3. Check with your employer. Under federal law, employers can offer tax-free education assistance of up to $5,250 in 2013. You might not even need to be studying something directly related to your job to take advantage of this benefit.
But you may need to earn a minimum grade or get your manager’s approval for the curriculum to be eligible for this workplace perk, says Mitchell D. WeissOpens in a new window, adjunct professor of finance at the University of Hartford and co-founder of its Center for Personal Financial Responsibility. Drug Rehab Nashville
Some employers also require you to stay with them for a certain length of time after taking the course or repay the tuition if you leave.
4. Explore community colleges. Their courses usually cost just a few hundred dollars per credit. Especially worth checking out: the American Association of Community Colleges’ Plus 50 Initiative Opens in a new windowat 18 schools across the country, whose curriculum is designed to help students 50 and older train for new jobs.
Exercising and eating healthy is a multi-billion dollar business. Think of all the weight loss formulas, food programs, membership gyms, and workout equipment, and workout apparel that we buy every day to stay healthy and look our best. Here are 11 ways to exercise and stay healthy without spending a lot of money.
Workout at home. With a couple sets of dumbbells, you can do shoulder press, curls, tricep extensions, push-ups, crunches, and lunges.
Buy a workout program. I have heard good things about the P90X workout program. It’s a legitimate program, with 15 different workouts. There are no gimmicks with this workout program. It’s the real deal.
Avoid weight-loss food programs. You don’t need Jenny Craig or Weight Watchers to eat healthy.
Eat out less. Most restaurant food has portions that are too big, and more they make more flavor by inserting fatty ingredients like cheeses, cream based sauces, and butter.
Negotiate a gym membership. They are VERY negotiable.
Get a dog. You’ll spend money taking care of a pet, but the long-term companionship and responsibility of walking them on a regular basis will get you out of the house more and make you go jogging or walking.
Don’t spend money on supplements. Supplements might help you lose weight quick or bulk up quick, but once you get off them, it’s easy to quickly gain the weight back or become softer.

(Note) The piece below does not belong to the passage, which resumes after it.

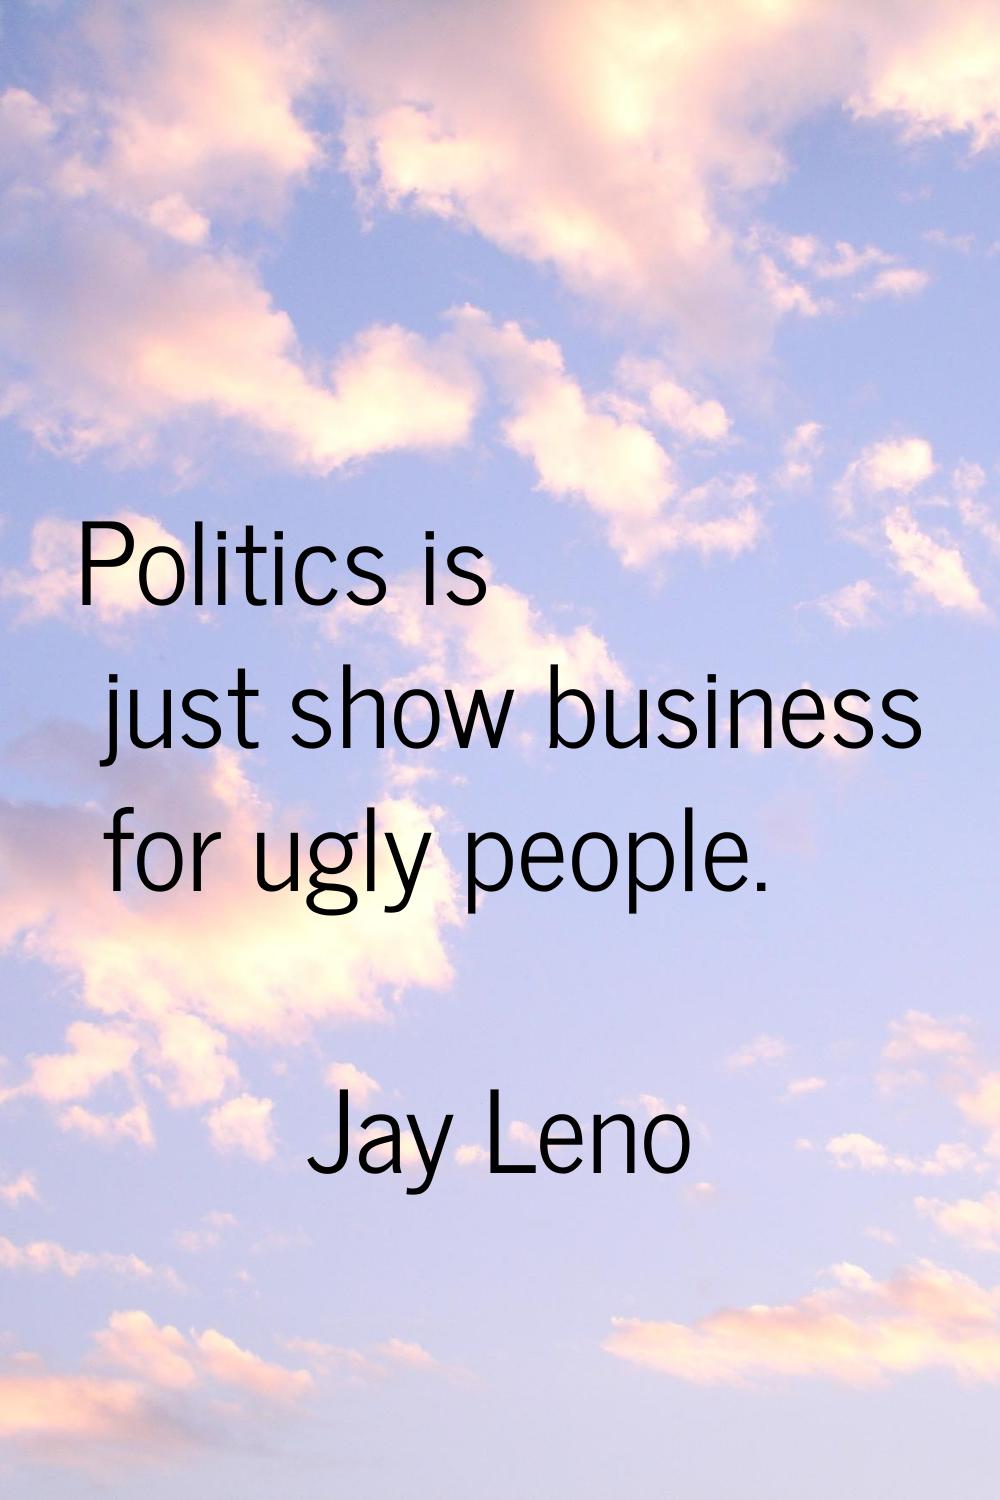 Politics is just show business for ugly people.

Get 7 to 8 hours of sleep.
Eat a breakfast full of fiber and protein. Oatmeal and eggs have a lot of fiber and protein, plus they are cheap to make. They will also keep you full until lunch.
Shop at discount retailers for workout apparel and shoes. For shoes, I always check shoe stores like Rack Room, Famous Footwear, and Marshalls.
Buy a bike on Craigslist. Why spend $800 on a new road bike, when you can get a used on for half the price? I found a guy in my neighborhood that rebuilds bikes, and he sold me one for $60!